*Stored data*
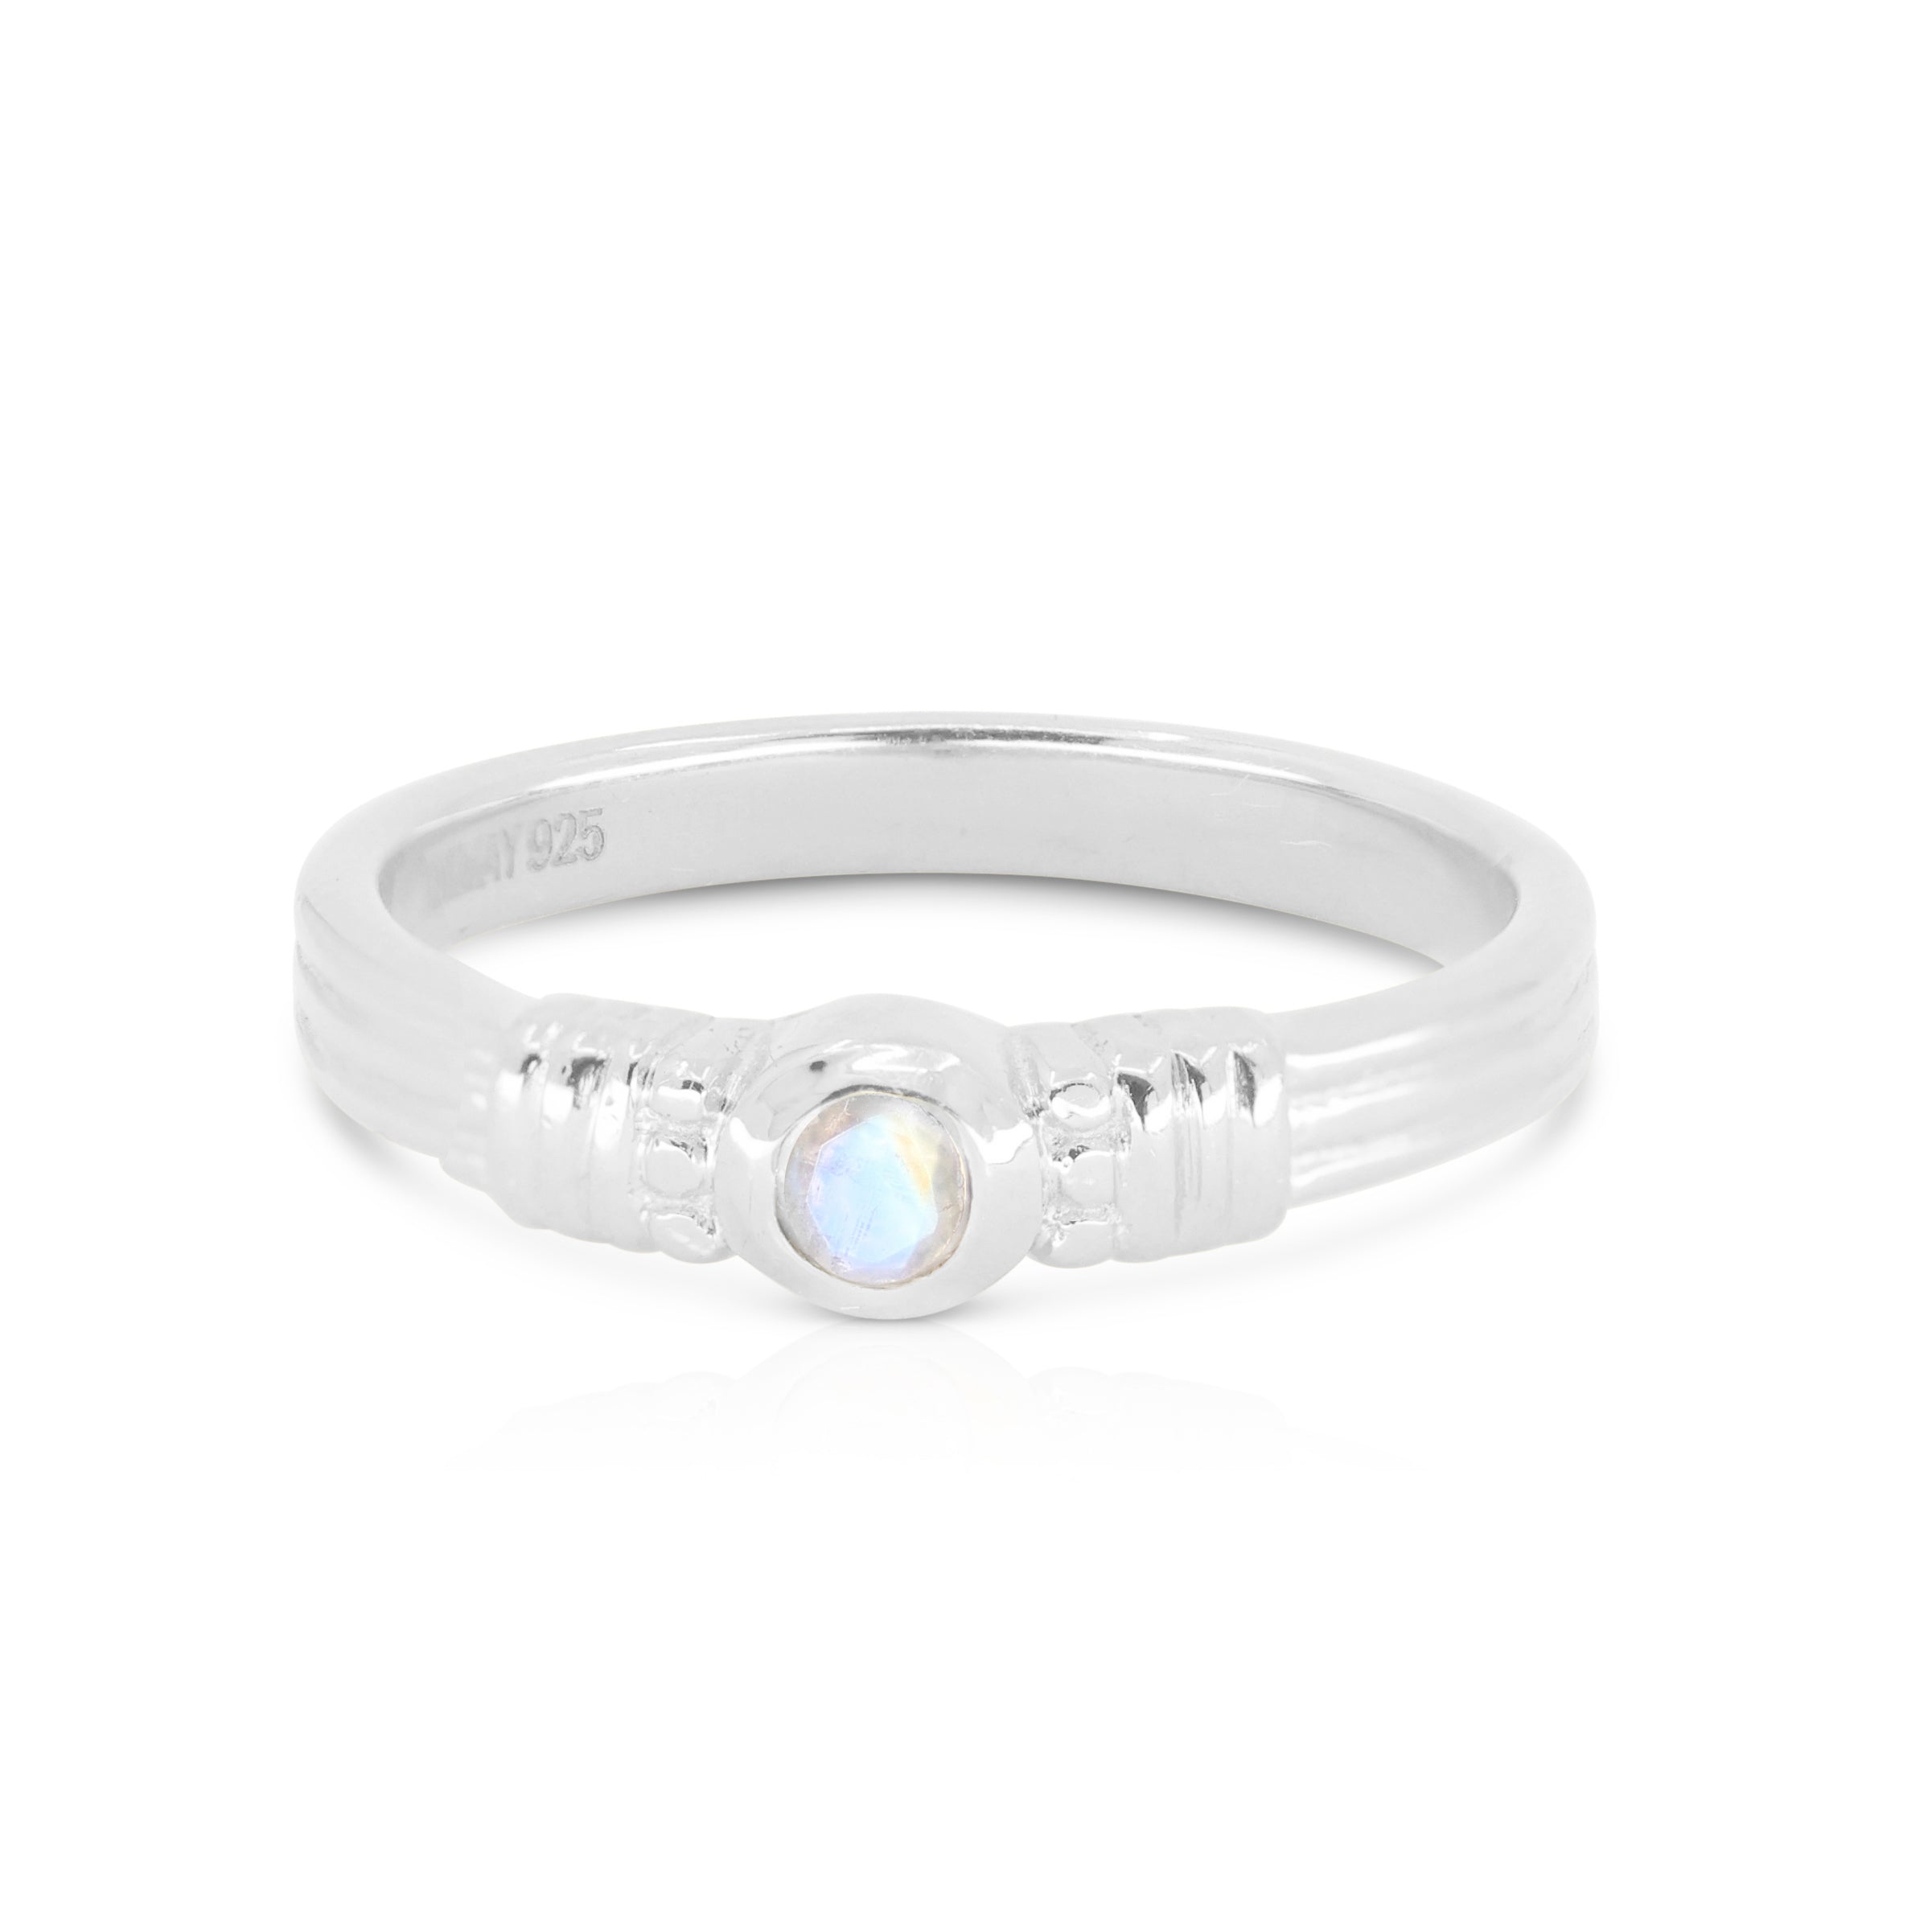 Rana Moonstone Silver Ring
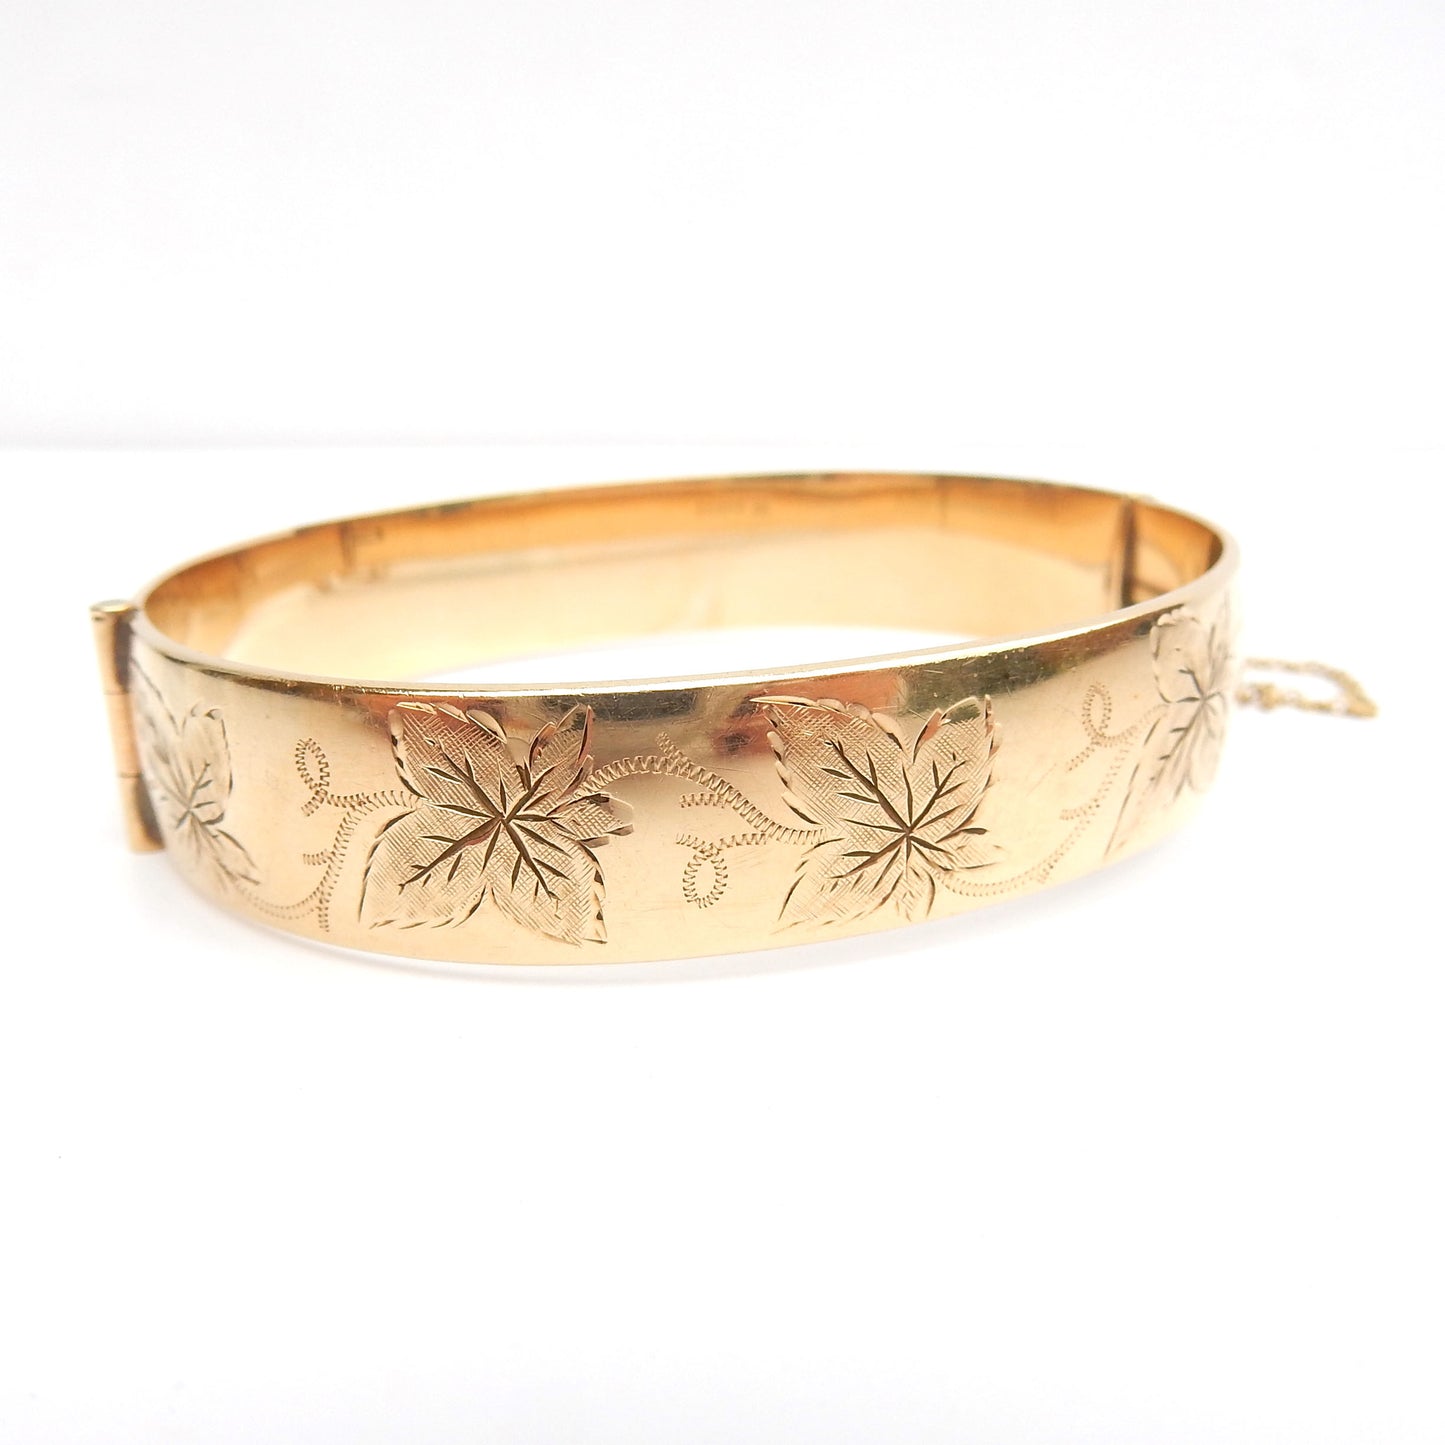 Antique 9ct Rolled Gold Engraved Ivy Leaf Bangle Bracelet
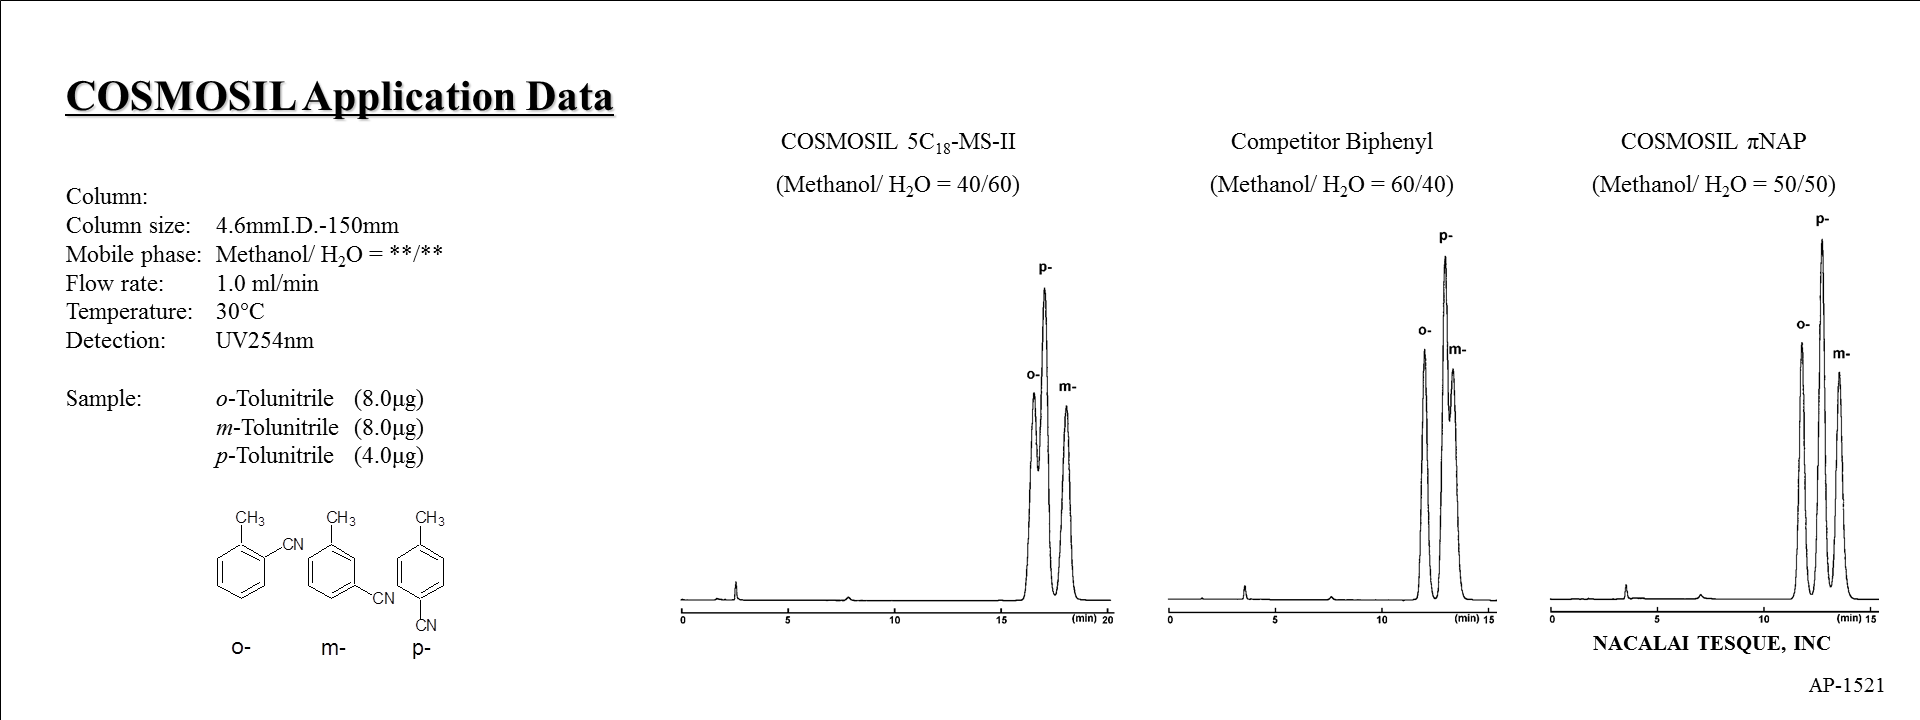 chromatogram of tolunitrile isomers
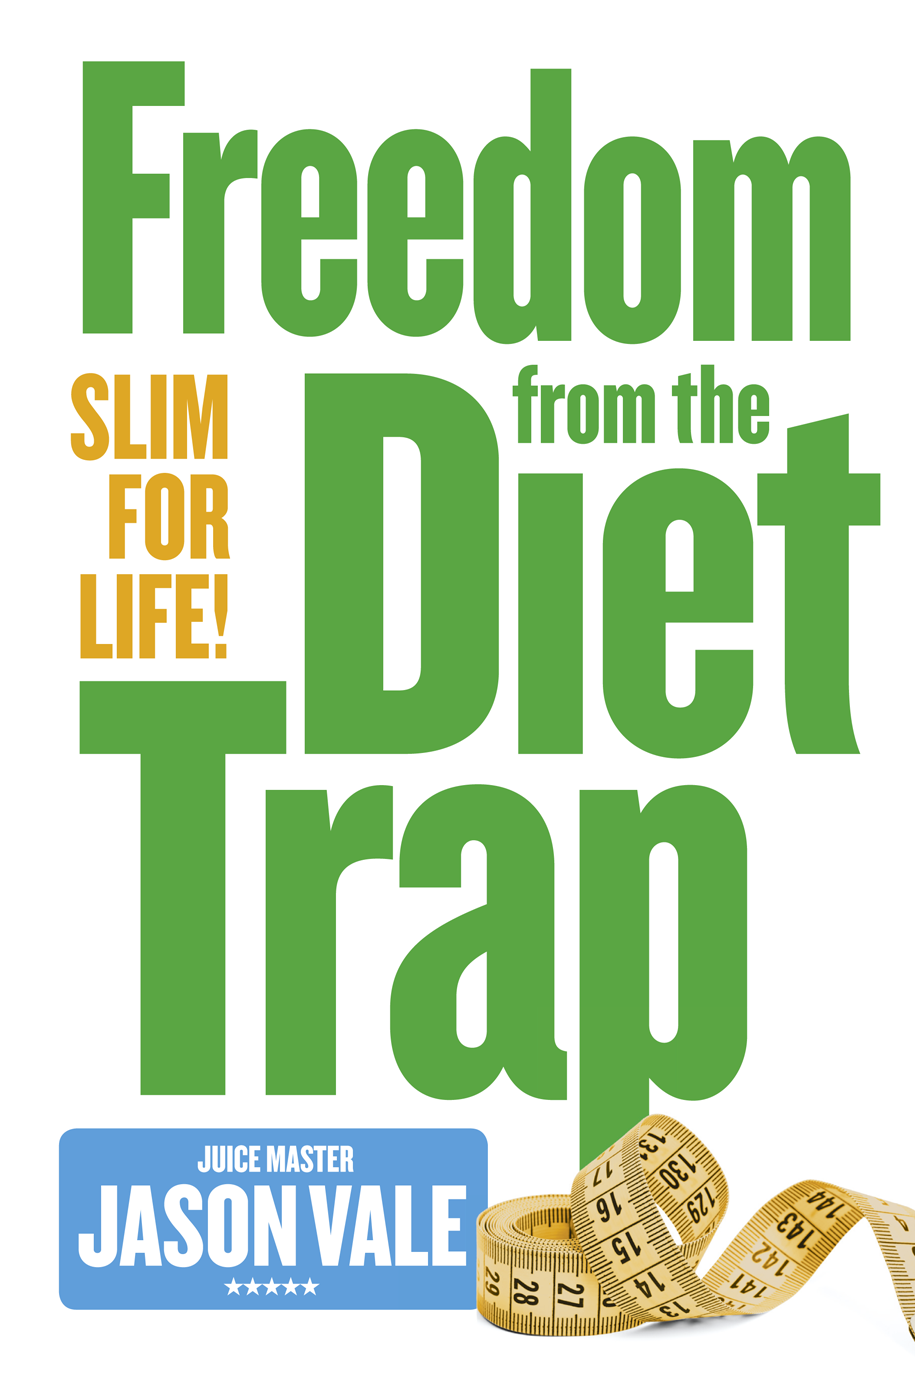 Книга Freedom from the Diet Trap: Slim for Life из серии , созданная Jason Vale, может относится к жанру Кулинария, Здоровье, Спорт, фитнес. Стоимость электронной книги Freedom from the Diet Trap: Slim for Life с идентификатором 39765361 составляет 783.37 руб.

*Required action*
In the data above, retype only the stretch from the line with "Antique 9ct Rolled" through the line with "chromatogram of tolunitrile isomers", word for word, and skip any pictures.

*Written reply*
 Antique 9ct Rolled Gold Engraved Ivy Leaf Bangle Bracelet
 chromatogram of tolunitrile isomers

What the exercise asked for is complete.